Collected material -
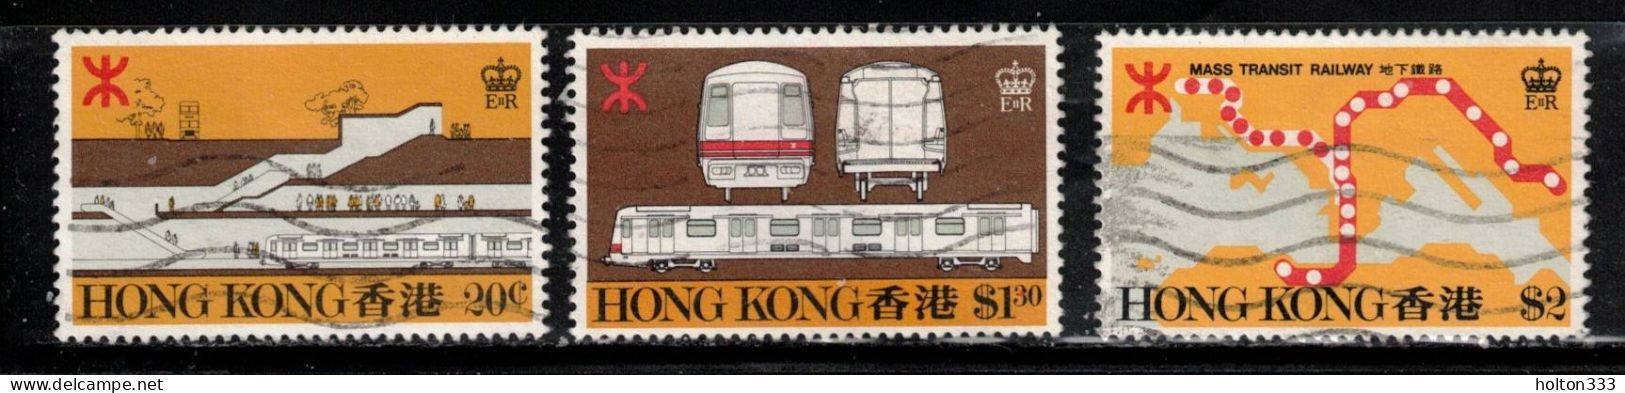 HONG KONG Scott # 358-60 Used - Hong Kong Railway - Used Stamps
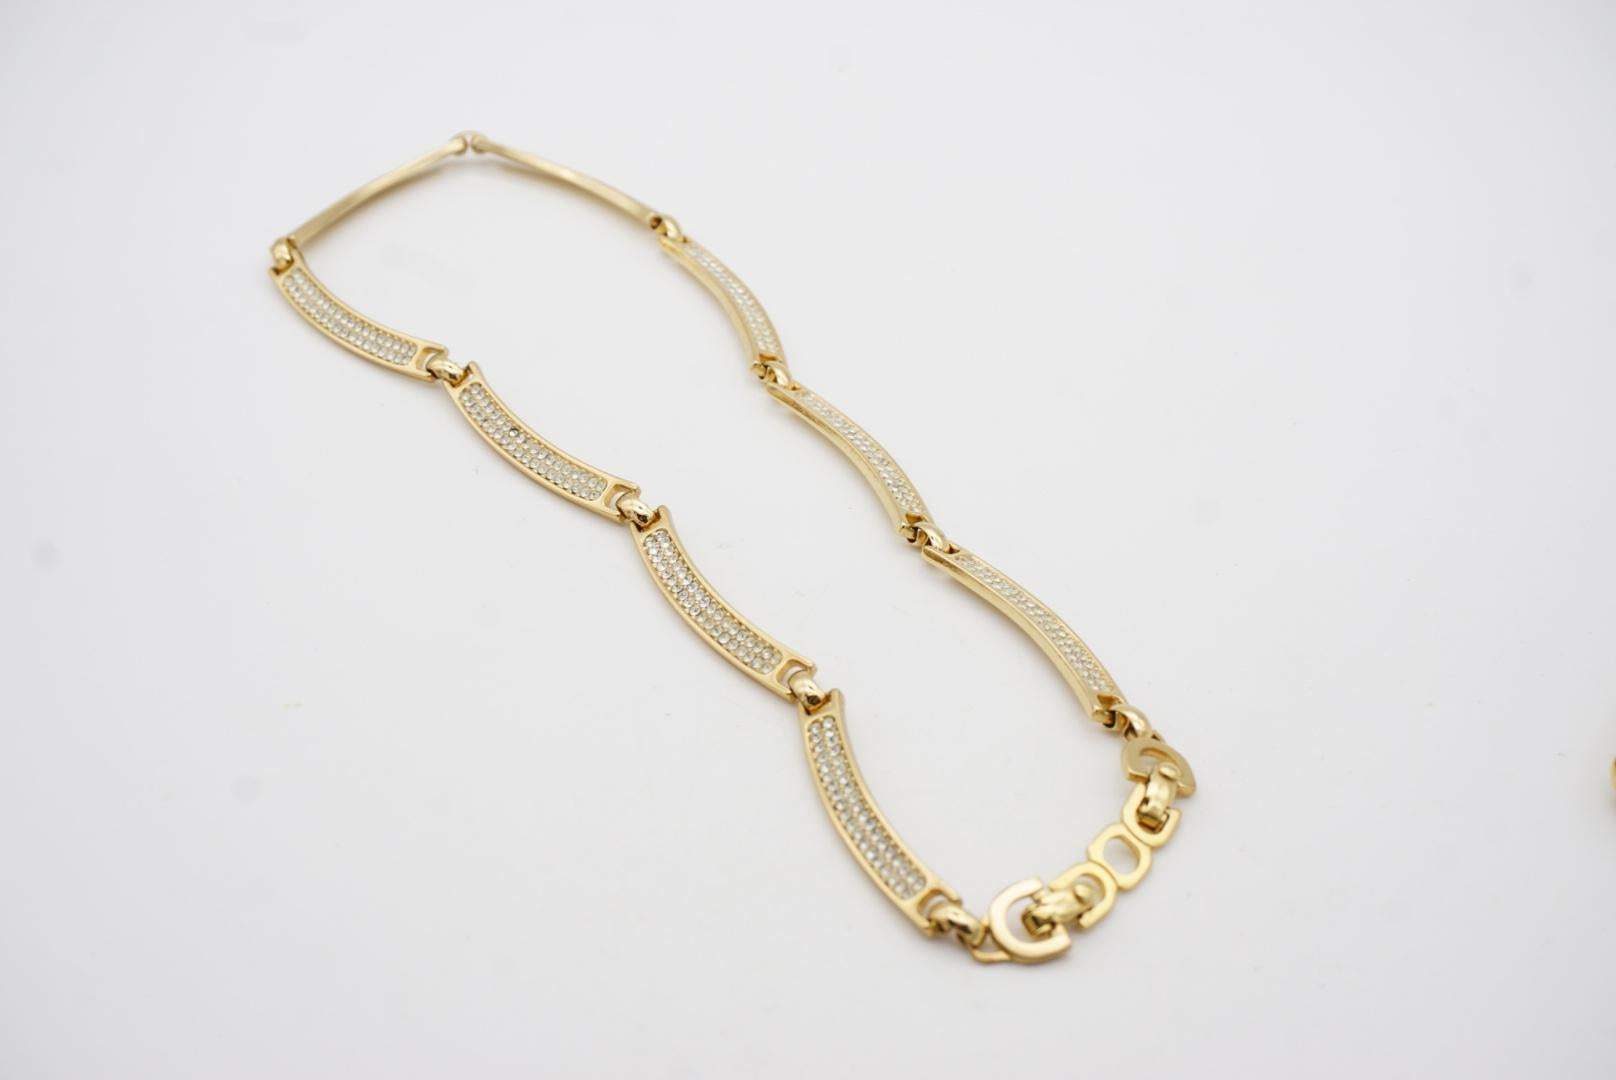 Christian Dior Vintage 1980s Unisex Crystals Interlink Choker Necklace Bracelet For Sale 10
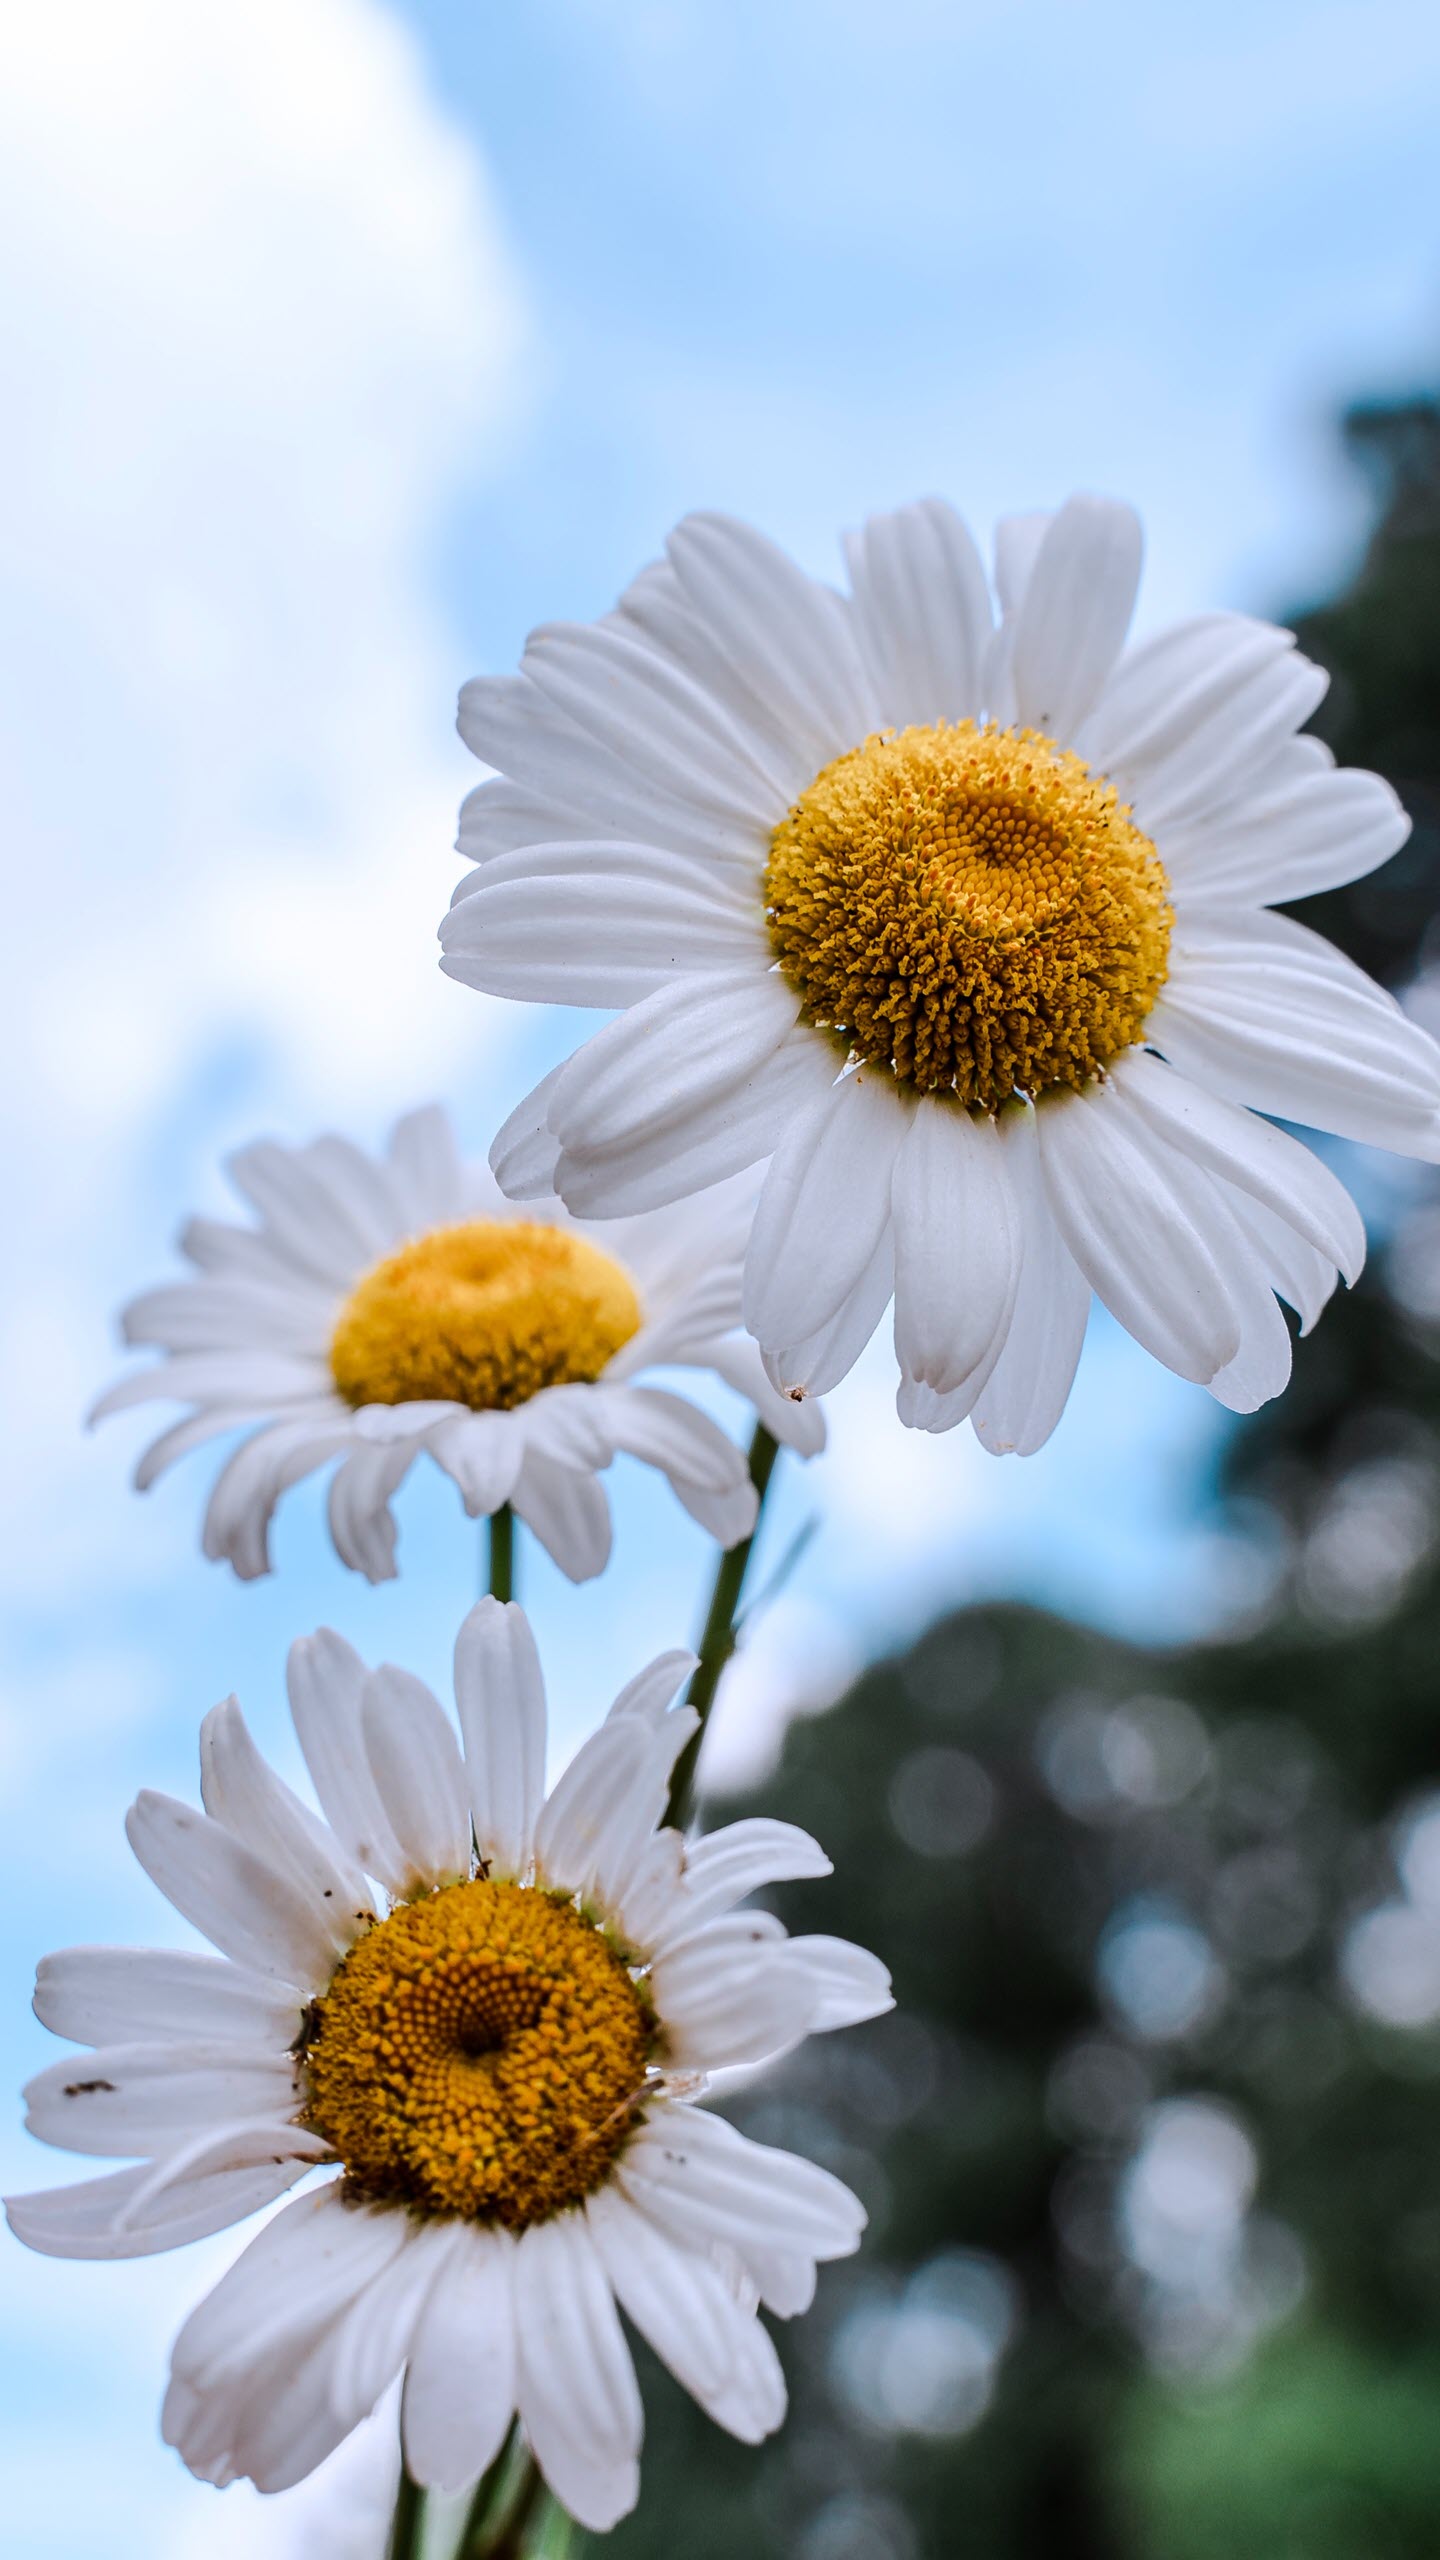 101 hình nền hoa cúc trắng đẹp, chất lượng cao, tải miễn phí

Your goal - From the line containing "Christian Dior Vintage" down to the end of the data above, reproduce each line exactly; no pictures.

Finished task -
 Christian Dior Vintage 1980s Unisex Crystals Interlink Choker Necklace Bracelet For Sale 10
 101 hình nền hoa cúc trắng đẹp, chất lượng cao, tải miễn phí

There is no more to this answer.